-- Work item --
The entries below contain a line with "Конкурс для детей к 22 июня" and a line with "Rochie Leonard Collection". Retype exactly everything from the first down to the second, both included, and nothing else.

-- Records provided --
==*==

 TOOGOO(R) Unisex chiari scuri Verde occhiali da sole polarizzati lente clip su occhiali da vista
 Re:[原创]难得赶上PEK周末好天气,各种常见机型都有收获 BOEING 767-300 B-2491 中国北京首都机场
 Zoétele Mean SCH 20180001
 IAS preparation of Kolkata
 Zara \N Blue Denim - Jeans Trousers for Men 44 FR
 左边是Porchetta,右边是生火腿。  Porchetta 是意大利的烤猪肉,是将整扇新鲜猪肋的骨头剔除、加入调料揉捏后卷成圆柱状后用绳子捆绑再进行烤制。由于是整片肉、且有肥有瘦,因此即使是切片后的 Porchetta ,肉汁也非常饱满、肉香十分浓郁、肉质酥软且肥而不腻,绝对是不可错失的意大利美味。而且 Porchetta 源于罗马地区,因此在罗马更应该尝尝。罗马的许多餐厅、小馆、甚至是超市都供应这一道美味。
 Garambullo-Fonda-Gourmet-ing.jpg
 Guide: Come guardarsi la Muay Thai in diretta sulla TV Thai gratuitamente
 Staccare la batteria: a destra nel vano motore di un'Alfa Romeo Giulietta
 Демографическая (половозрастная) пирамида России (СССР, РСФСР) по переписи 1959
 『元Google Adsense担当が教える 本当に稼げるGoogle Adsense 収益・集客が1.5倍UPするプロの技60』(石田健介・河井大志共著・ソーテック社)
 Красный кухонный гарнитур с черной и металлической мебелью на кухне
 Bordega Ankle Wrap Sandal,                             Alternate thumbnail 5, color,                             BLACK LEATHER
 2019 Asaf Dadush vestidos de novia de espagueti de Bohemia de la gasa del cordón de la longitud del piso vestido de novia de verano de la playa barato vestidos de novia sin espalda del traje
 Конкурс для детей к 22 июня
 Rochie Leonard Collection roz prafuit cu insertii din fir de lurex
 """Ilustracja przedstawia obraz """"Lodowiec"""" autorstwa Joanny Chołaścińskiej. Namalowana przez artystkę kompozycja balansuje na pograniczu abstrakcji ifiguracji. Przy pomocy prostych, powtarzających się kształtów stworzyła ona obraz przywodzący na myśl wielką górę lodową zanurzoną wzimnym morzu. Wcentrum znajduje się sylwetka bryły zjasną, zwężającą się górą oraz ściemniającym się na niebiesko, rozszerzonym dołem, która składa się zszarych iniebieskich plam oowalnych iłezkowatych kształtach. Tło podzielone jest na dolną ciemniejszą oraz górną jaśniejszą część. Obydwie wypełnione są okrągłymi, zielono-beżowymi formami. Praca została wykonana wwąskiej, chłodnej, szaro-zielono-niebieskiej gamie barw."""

==*==

-- Answer area --
 Конкурс для детей к 22 июня
 Rochie Leonard Collection roz prafuit cu insertii din fir de lurex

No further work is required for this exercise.